3. Stupisce e sconvolge gli uomini, Proverbi 23:34. Quando gli uomini sono ubriachi non sanno dove sono, né cosa dicono e fanno.

(1.) Le loro teste sono stordite, e quando si sdraiano per dormire sono come se fossero sballottate dalle onde del mare, o sulla cima di un albero; Perciò si lamentano che le loro teste nuotano; il loro sonno è spesso inquieto e non ristoratore, e i loro sogni sono tumultuosi.

(2.) I loro giudizi sono offuscati, e non hanno più fermezza e coerenza di colui che dorme sulla cima di un albero: bevono e dimenticano la legge (Proverbi 31:5): errano attraverso il vino (Isaia 28:7), e pensano in modo stravagante come parlano.

(3.) Sono incuranti e impavidi del pericolo, e inconsapevoli dei rimproveri a cui sono sottoposti sia da Dio che dagli uomini. Sono in imminente pericolo di morte, di dannazione, giacciono esposti come se dormissero sulla cima di un albero, eppure sono al sicuro e continuano a dormire. Non temono alcun pericolo quando i terrori del Signore sono posti davanti a loro; anzi, non provano dolore quando i giudizi di Dio sono effettivamente su di loro; Non piangono quando Egli li lega. Metti un ubriacone nei ceppi, ed egli non si rende conto della punizione.

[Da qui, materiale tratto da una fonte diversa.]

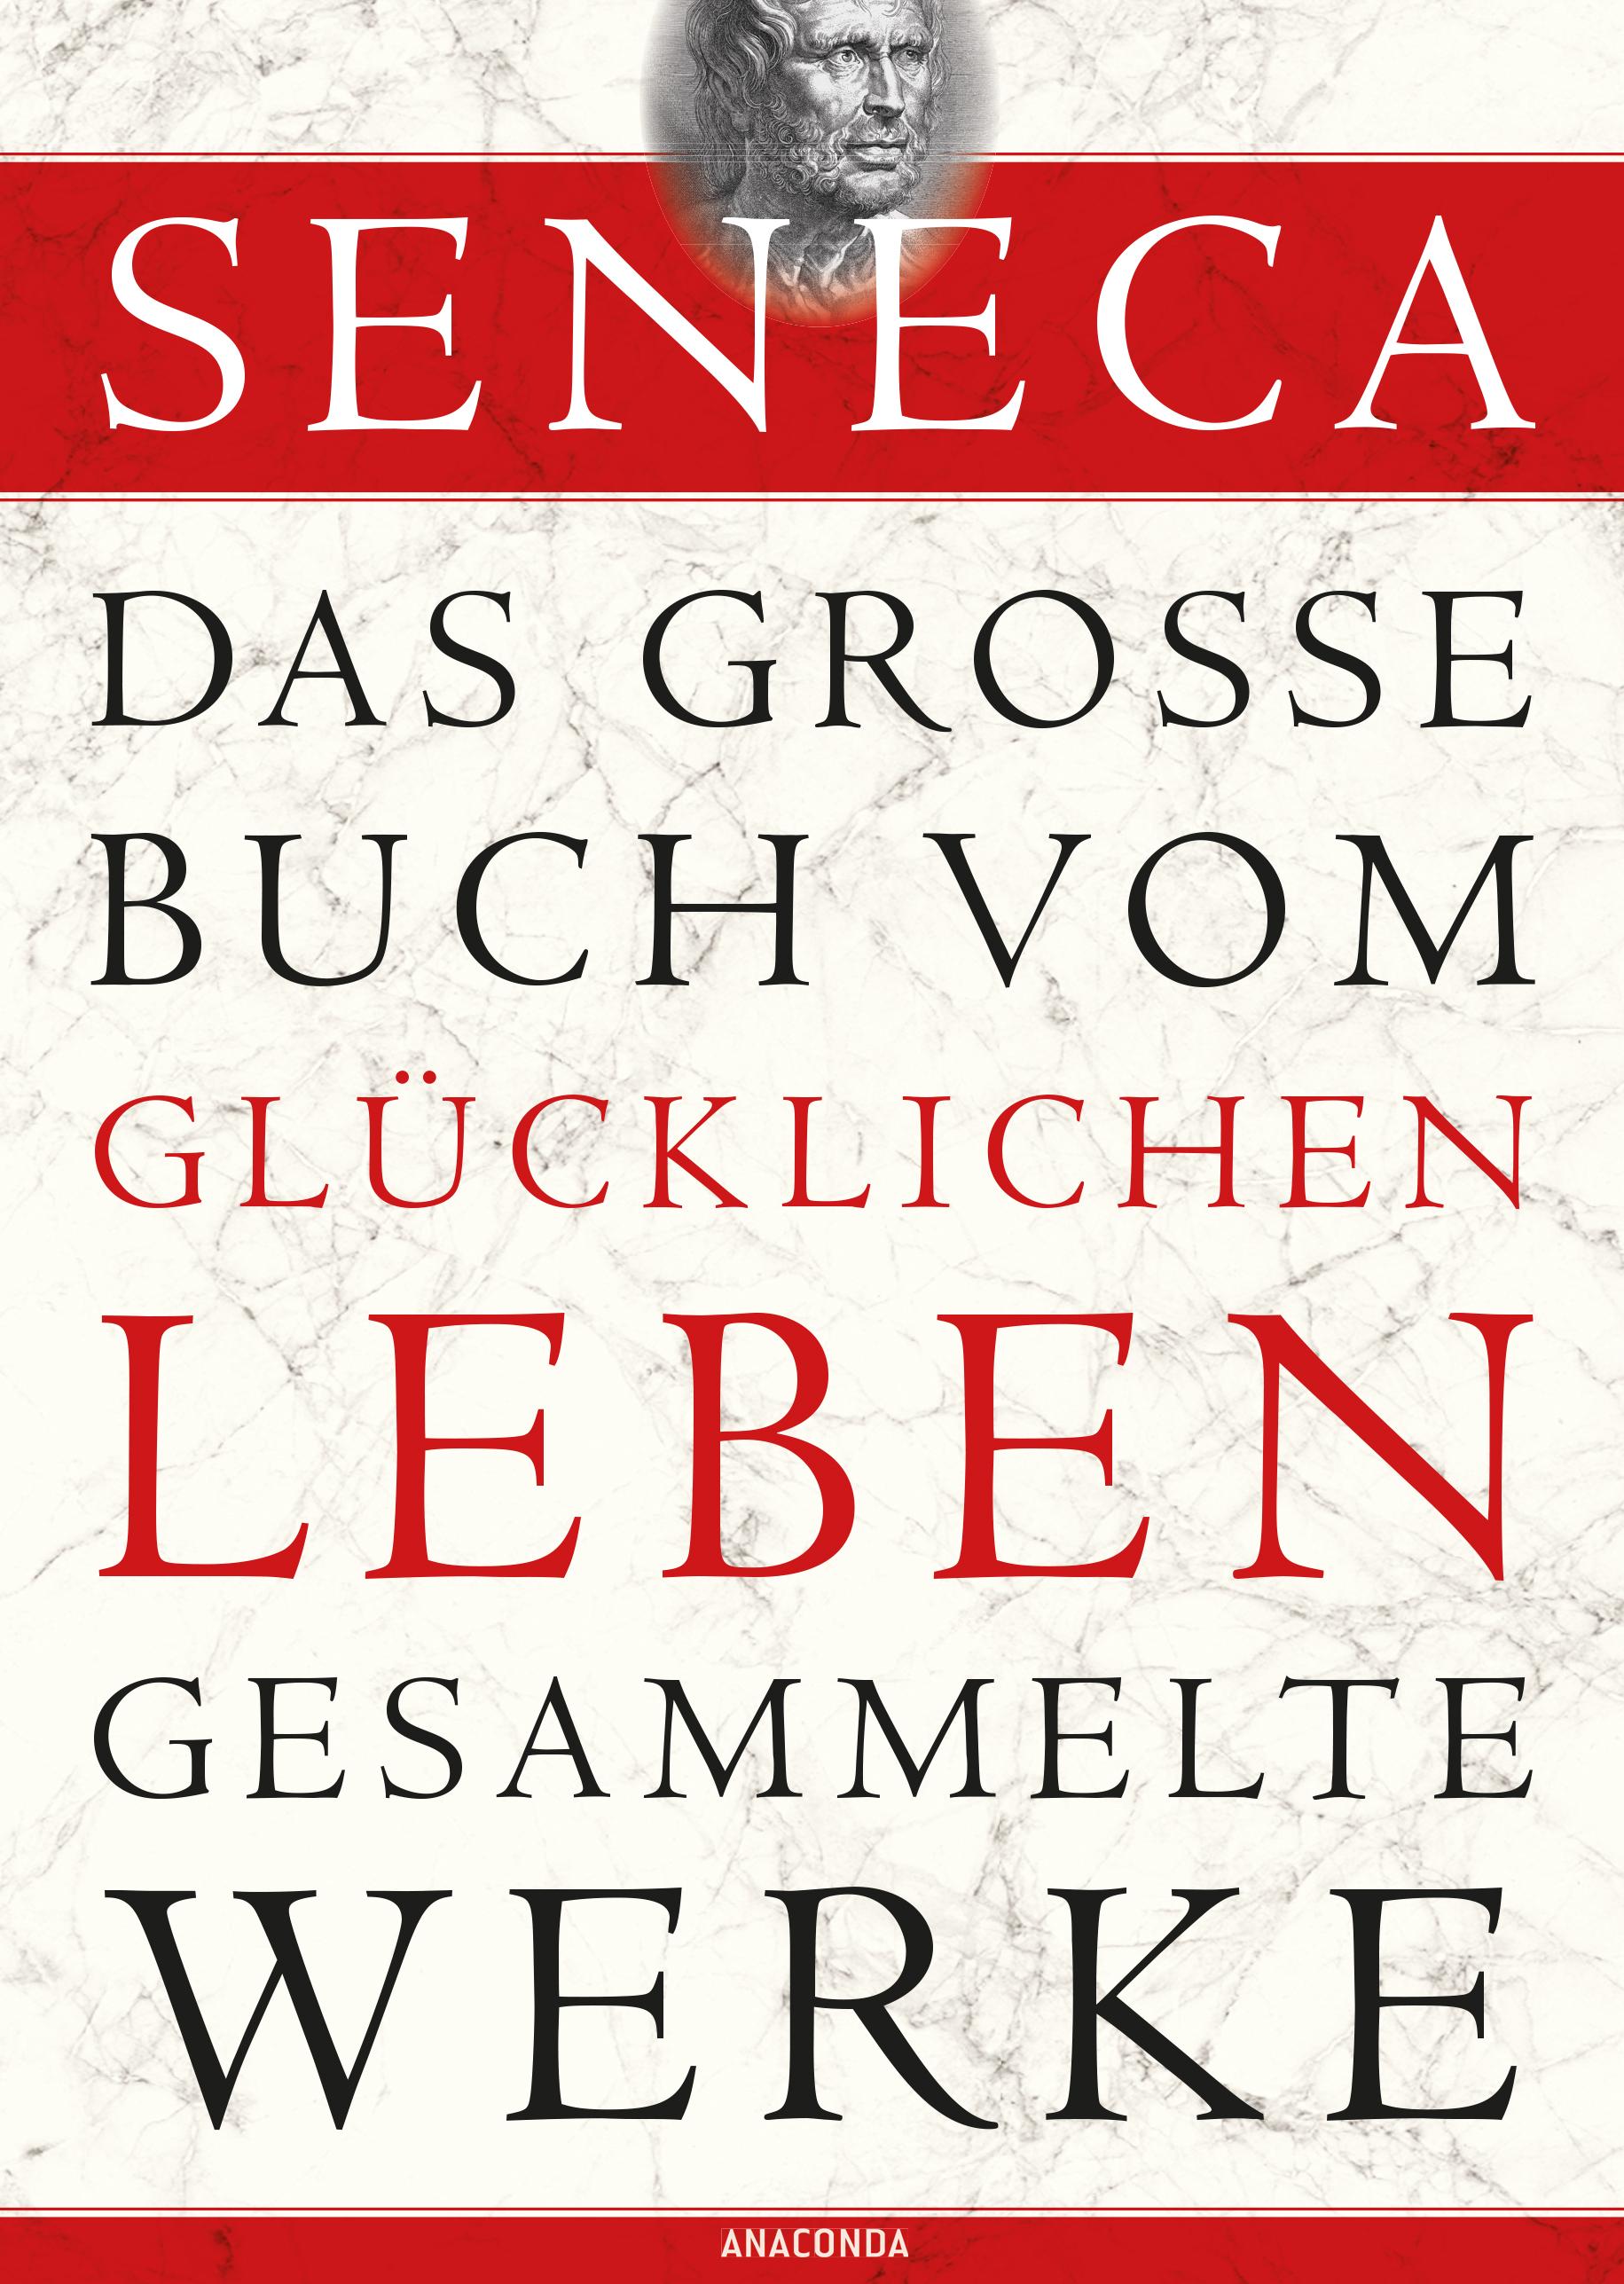 Das große Buch vom glücklichen Leben - Gesammelte Werke - Seneca [Gebundene Ausgabe]

"Mi hanno colpito, e non ero malato; Non l'ho sentito: non mi ha fatto alcuna impressione".

L'ubriachezza mi trasforma in ceppi e pietre; sono a malapena da considerare animali; Sono morti mentre vivono.

4. Peggio ancora, il cuore è indurito nel peccato, e il peccatore, nonostante tutti questi mali presenti che lo accompagnano, persiste ostinatamente in esso, e odia essere riformato: Quando mi sveglierò? Ha molto da fare per scrollarsi di dosso le catene del suo sonno da ubriaco; riesce a malapena a liberarsi dai fumi del vino, sebbene lotti con essi, per poterlo (avendo sete al mattino) potervi tornare di nuovo. Egli è così perfettamente perduto in ogni senso di virtù e di onore, e la sua coscienza è così miseramente segnata, che non si vergogna di dire: "Lo cercherò ancora una volta". Non c'è speranza; No, hanno amato gli ubriaconi e andranno dietro a loro, Geremia 2:25. Questo è aggiungere l'ubriachezza alla sete, e seguire la bevanda forte; Coloro che lo fanno possono leggere il loro Giudizio Deuteronomio 29:19-20, il loro guaio Isaia 5:11, e, se questa è la fine del peccato, con buona ragione ci è stato detto di fermarci all'inizio di esso: Non guardare il vino quando è rosso.

Estratto dall'Appendice dei Proverbi. Vedi la nota MHC in "Pr 31:31"

51. Dell'ubriachezza, Proverbi 20:1; 23:23,29-35.